I have tried to comfort him, but he gets so angry sometimes. I swear he called out Nicki’s name the other night in his sleep.

He claims he dreamt of Jade and must have called out her mother’s name, asking for help to get Jade back.

I don’t know when you’ll get this letter, since you’re always on the move, but I hope it finds you well.

Tell our Jade we love her and miss her.

Deidre

The pieces were coming together. Philippe had heard the rumors that Frank insisted Deidre wear green contacts when she decided to shed her glasses. In another letter from Deidre she revealed Frank refused to touch her when she had her hair straightened and made her wear the same perfume that Nicolette wore. These facts sat before him in black and white, in the letters strewn across his desk.

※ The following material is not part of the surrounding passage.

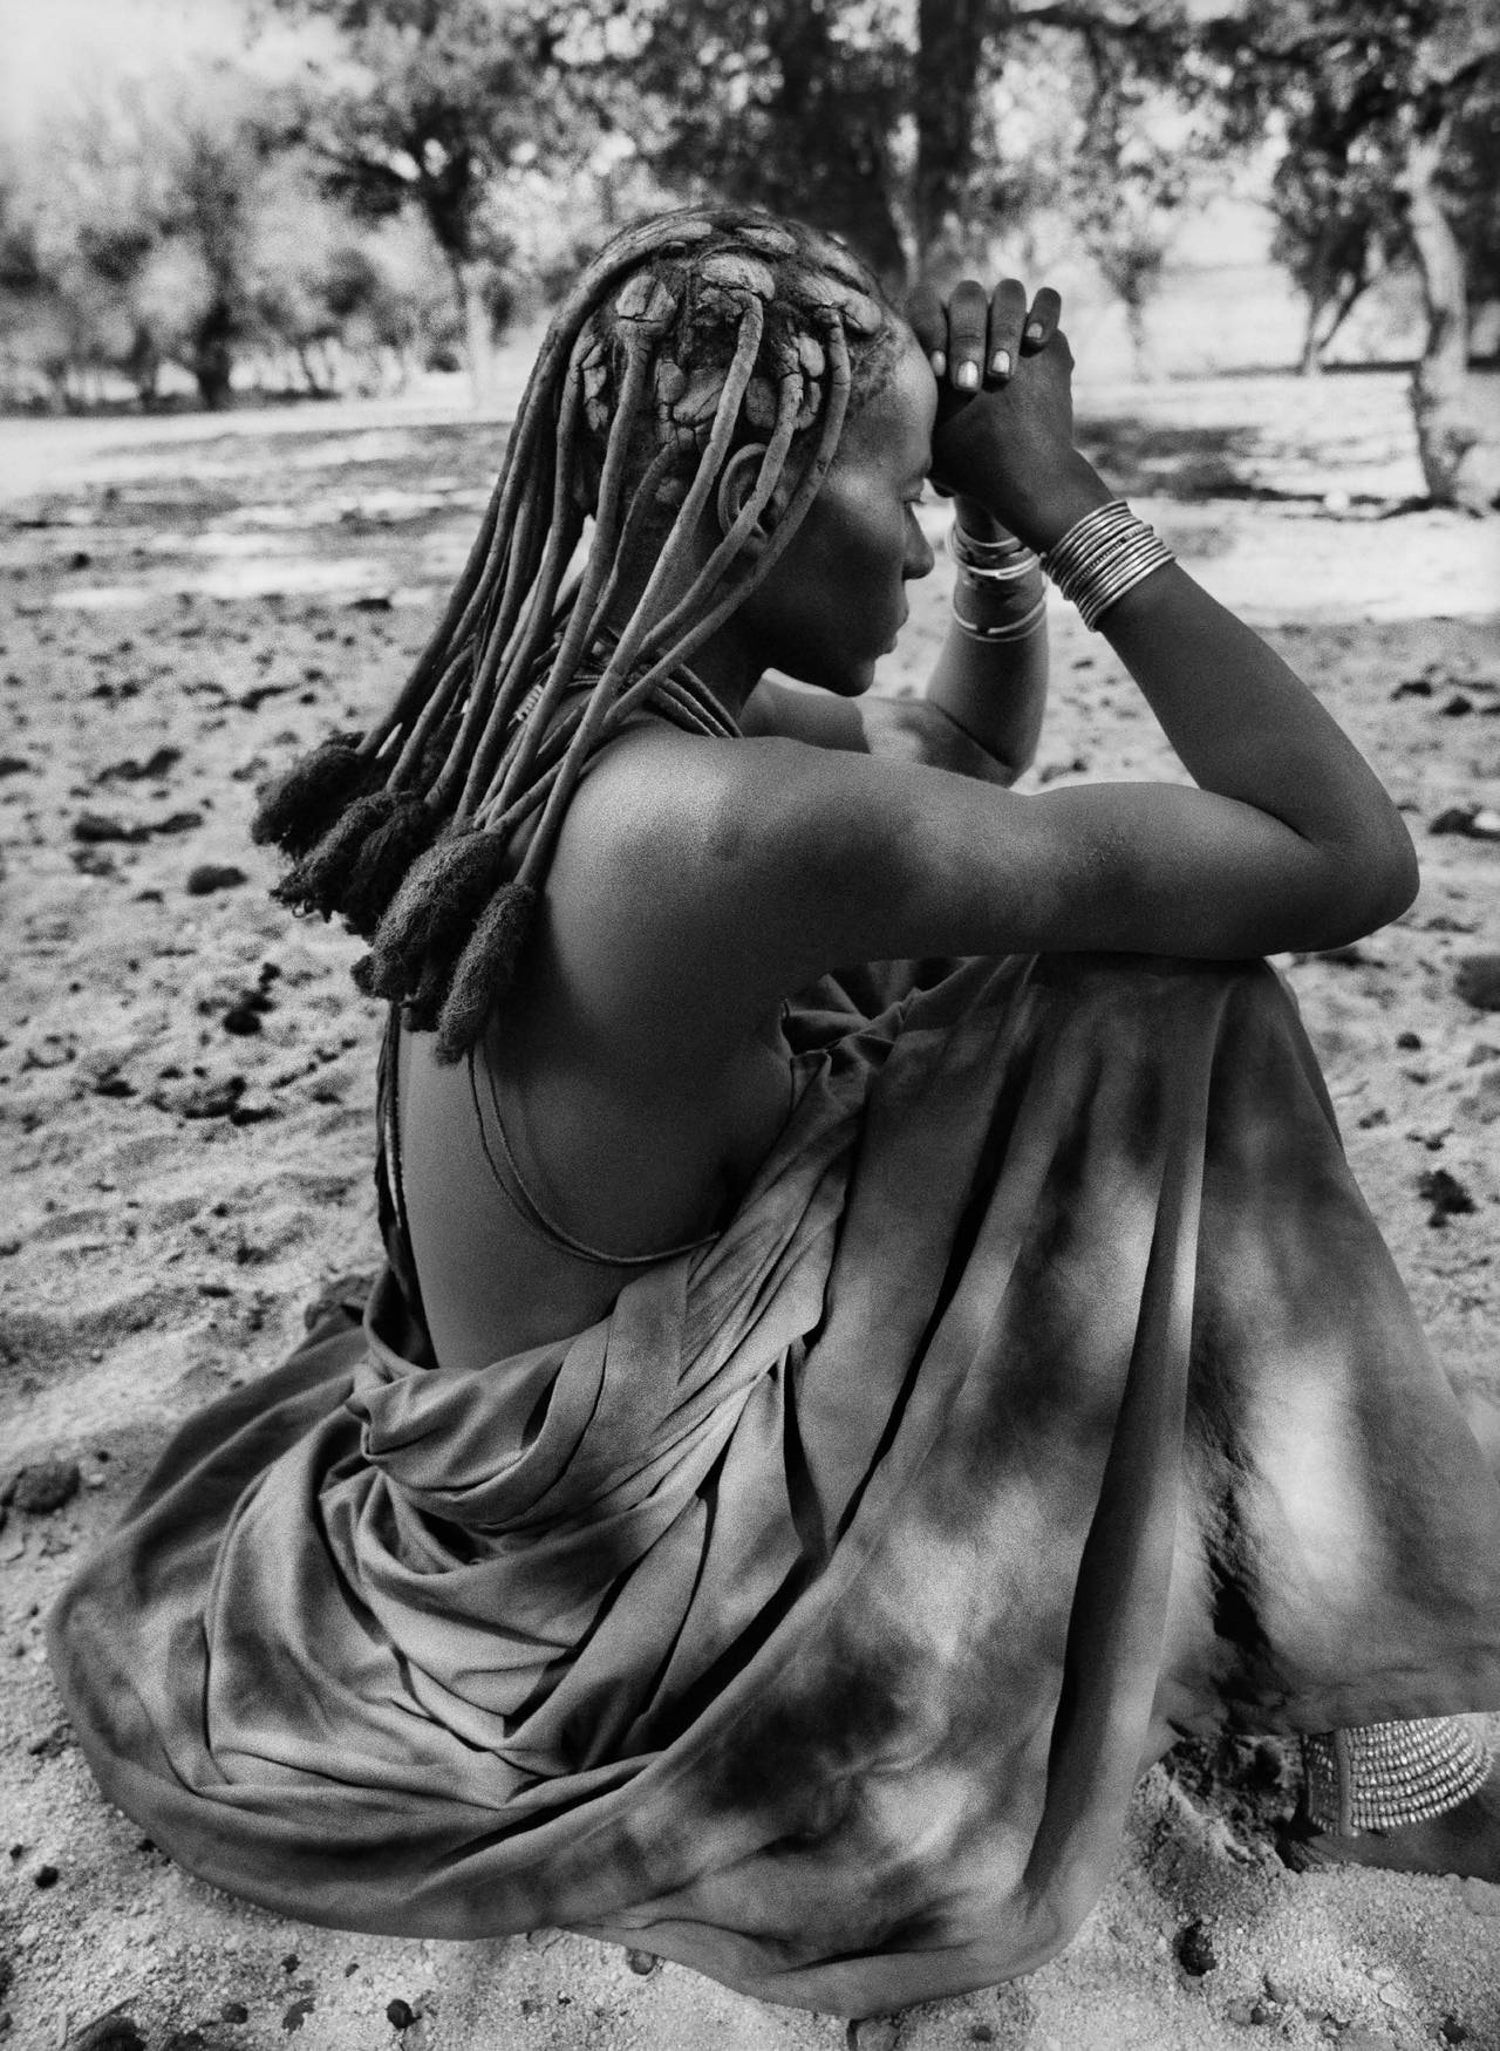 Женщина народности химба, Намибия, 2005. Автор Себастьян Сальгадо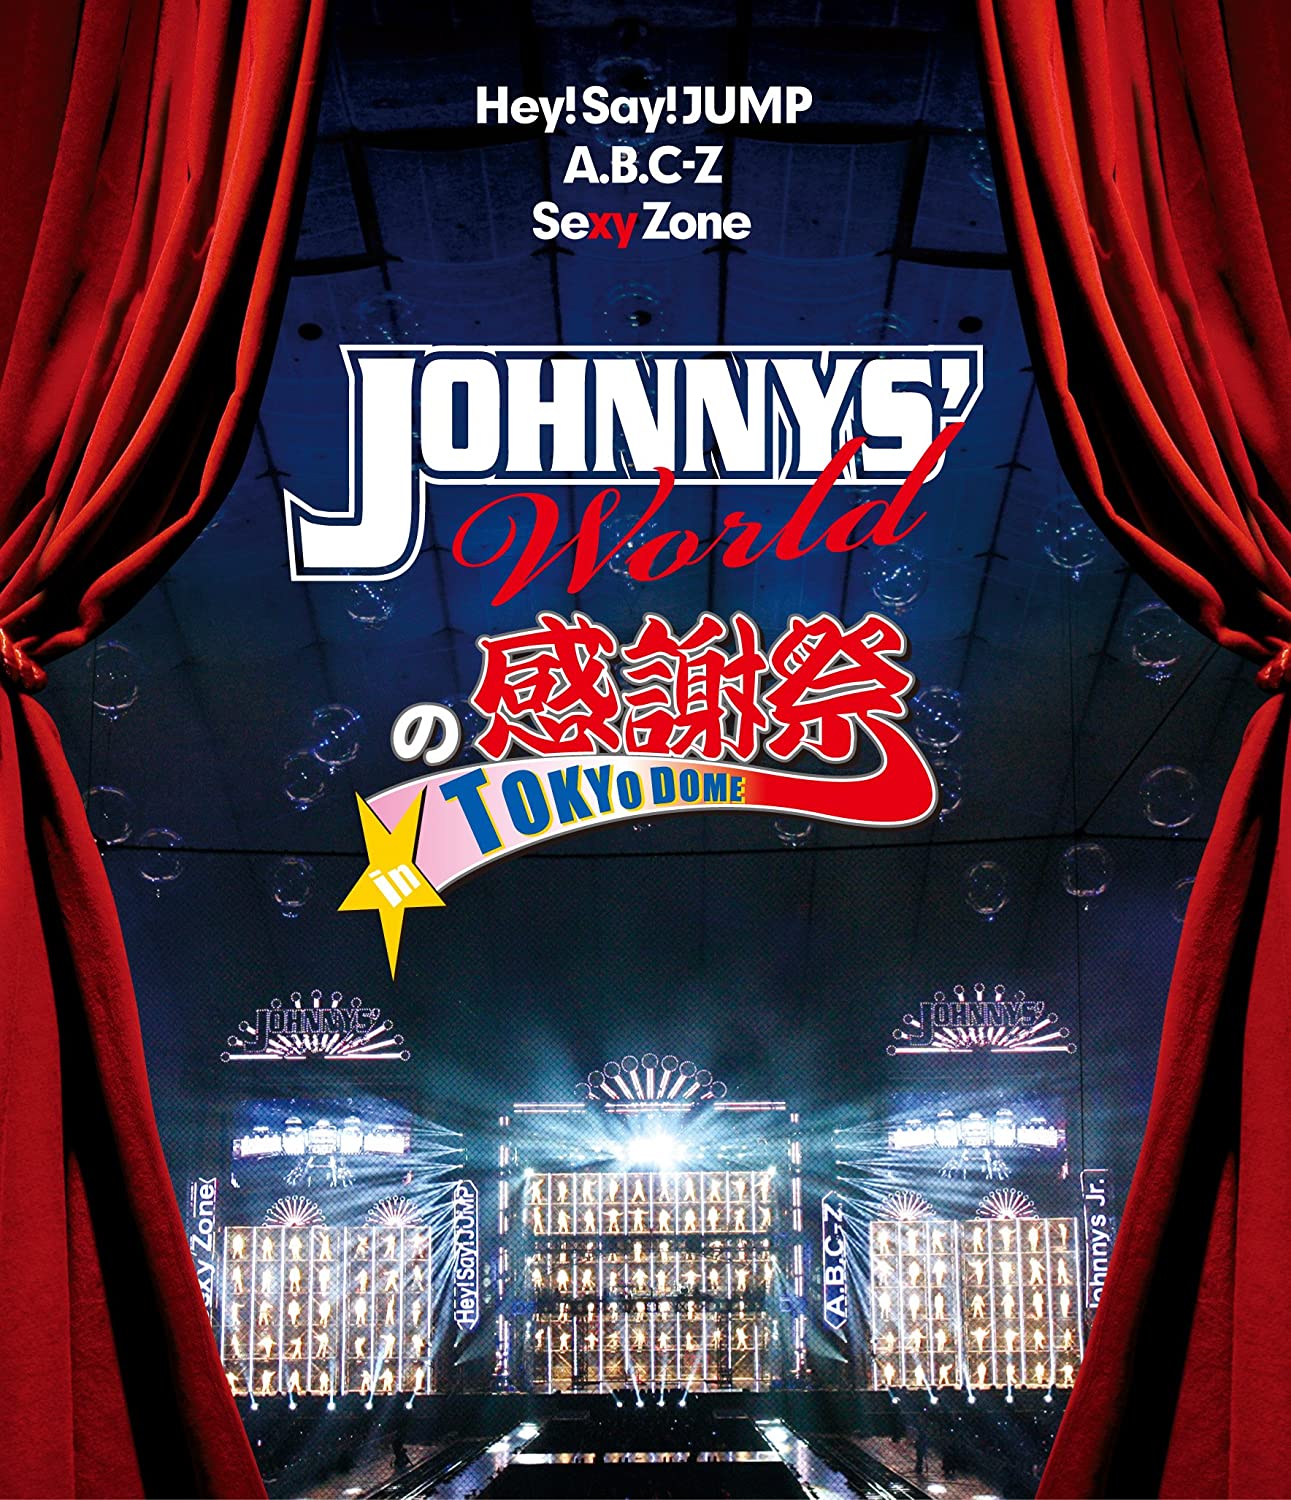 JOHNNYS' World no Kanshasai in TOKYO DOME | Jpop Wiki | Fandom

All from Deidre. All written without Frank’s knowledge.

Then there was his strange sexual preference of never making love to her face-to-face. Always in the dark, always from behind-and she “even heard him mutter ‘sweet Nicki’ more than a few times” when he did have sex with her.

How had he missed this? On and on, the desperate woman’s pleas for help fell upon his deaf ears. If only, he thought. If only…

His own deadly virus would not be killing him.

Philippe still wasn’t exactly sure how Frank had done it, but he knew it was him. After the night his daughter disappeared, Philippe retrieved the virus from his den and, upon examining it more carefully later, noted that one vial had less virus than the others.

He knew exactly how much should be there. Enough to dose at least three people was missing. Frank was the only person, other than himself, who knew where he hid the virus.

“Excuse me, Mr. Laroque, the-uh-woman wants to have a word with you,” Mick, the treacherous Lamai, former employee at Blood Pool, said.

Philippe gathered the letters and placed them in a locked drawer in his desk. “Good. I want to talk with her as well.”

Raven watched Laroque enter the room, carrying a tray with food. The Lamai stood leaning against the door jamb. Philippe approached her. She felt the sting of the straps that held her onto the bed digging into her skin. He placed the tray on the table at the far end of the room.

Laroque smiled. “You look more like your mother now. Your mouth is the same, your complexion-even your hands are like hers.”

Raven ignored the small talk. “Are you going to kill me?”

Laroque’s expression was stone cold. “Probably. But I do have a deal to offer, if you’re interested. As long as you can help me, I’ll let you live. And depending on how well you do, maybe I’ll even let you go.”

She struggled against the straps. “What is it?”

He stared at her for a few moments before speaking. “What do you know about the virus?”

Raven couldn’t help herself from laughing as she asked him to repeat the question.